The N. degiustoi tadpole lived between about 168 million and 161 million years ago, in the middle of the Jurassic Period. While that’s about 20 million years after the first frog in the fossil record, the findings out of Patagonia represent “the oldest tadpole found to date,” says Chuliver. Before now, the oldest known tadpoles belonged to Shomronella jordanica, a frog that lived in Israel about 130 million years ago, during the Cretaceous Period. Other fossilized amphibian larvae date back even further, but none bear the characteristics of tadpoles, which go through a uniquely extreme metamorphosis.
The amphibian wasn’t just ancient; it was huge, measuring about 16 centimeters from snout to tail tip. Today, many species’ tadpoles are a couple centimeters or less in length. Such giant tadpoles aren’t common today, says Chuliver, and when they do occur, they usually grow into relatively small adults compared with other frog species. Instead, N. degiustoi was big throughout its life, much like the modern American bullfrog (Lithobates catesbeianus).

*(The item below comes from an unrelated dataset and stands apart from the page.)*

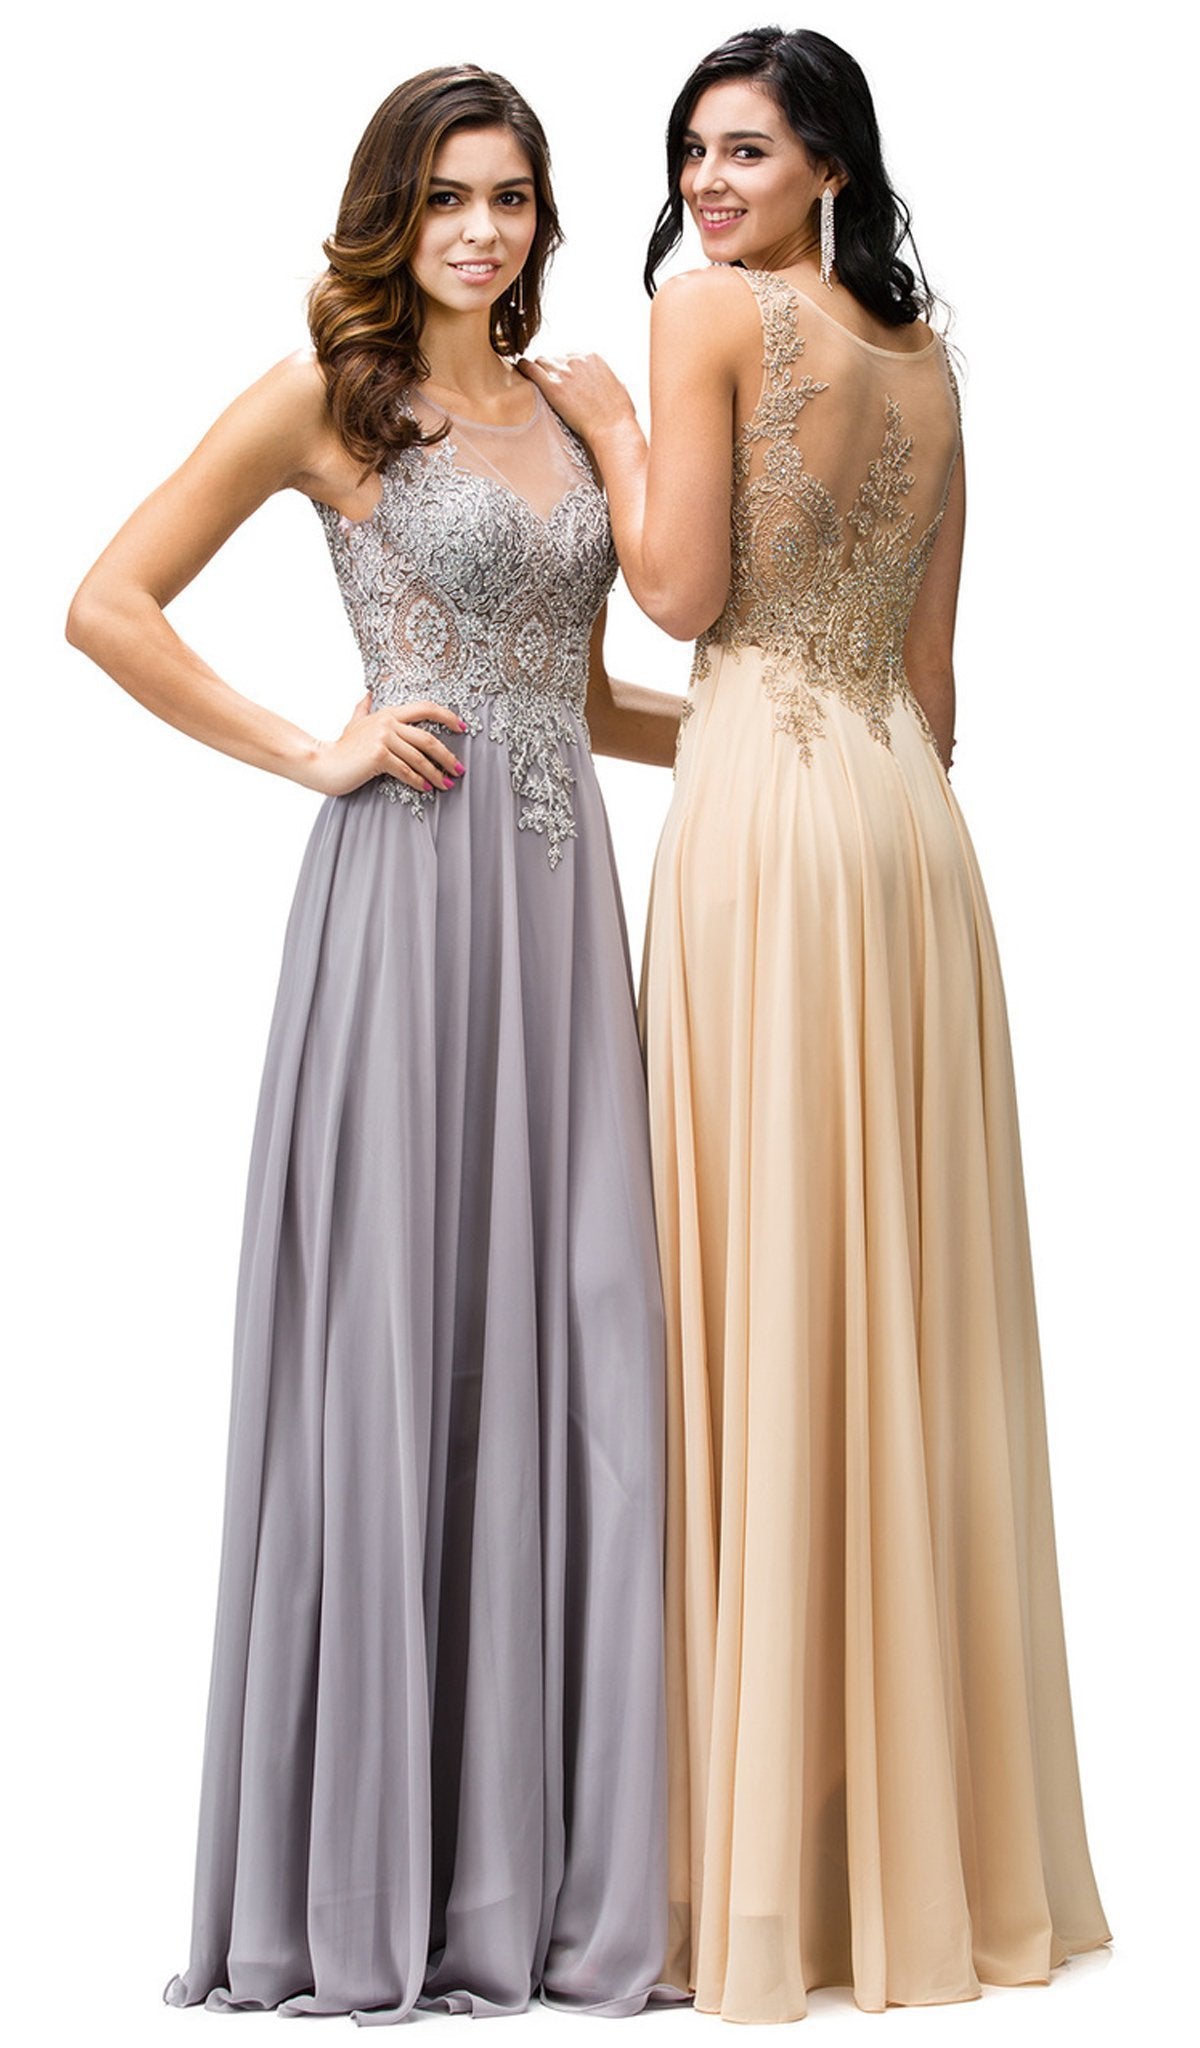 Dancing Queen - 9191 Lace Appliqued Chiffon Prom Dress Special Occasion Dress XS / Champagne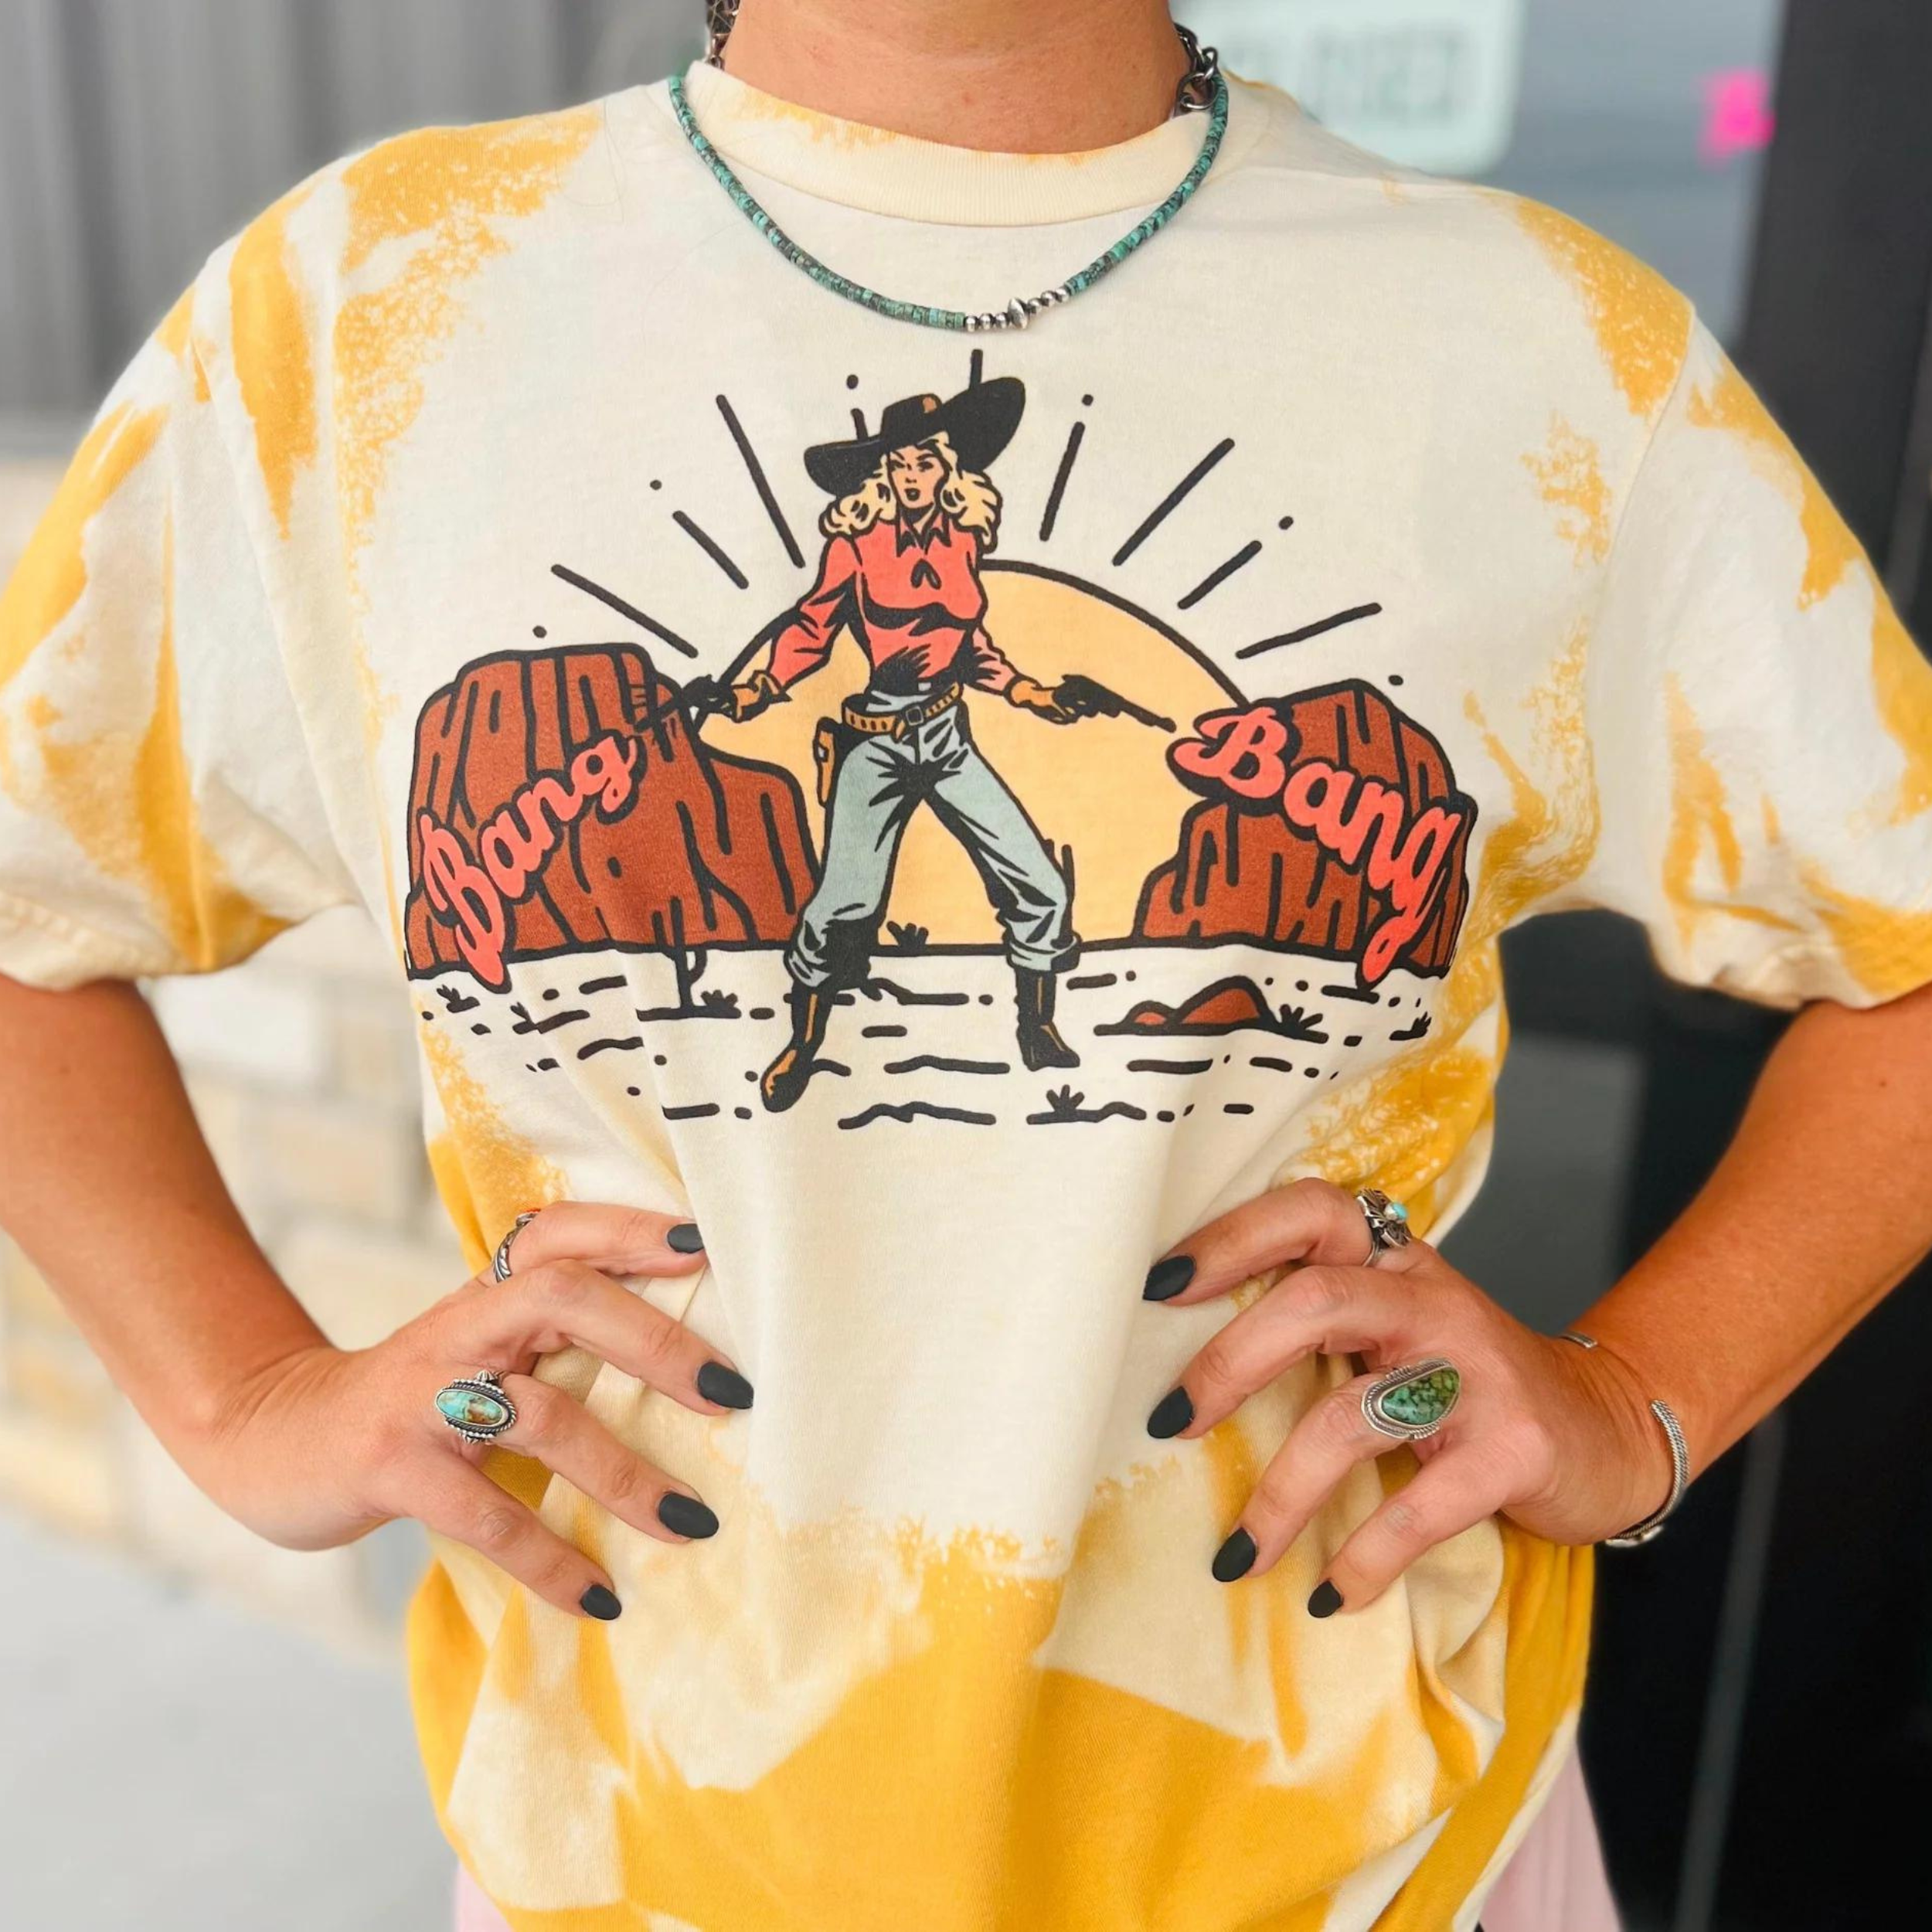 A mustard yellow tee with a bleached design. Featuring a cowgirl in a desert sunset wearing a hat, red shirt, blue jeans, and boots. The words "Bang Bang" are seen on either side of the cowgirl. Item is pictured on a casual background with hints of grey, white, and black.

The fossil tadpole also appears to have fed like modern tadpoles do, sucking and straining food particles out of the water. The tadpole fossil’s throat skeleton was preserved, showing it had the same crucial filter-feeding apparatus as its modern counterparts (SN: 9/25/17). This suggests that filter-feeding tadpoles have been a winning evolutionary strategy for a very long time, says Chuliver.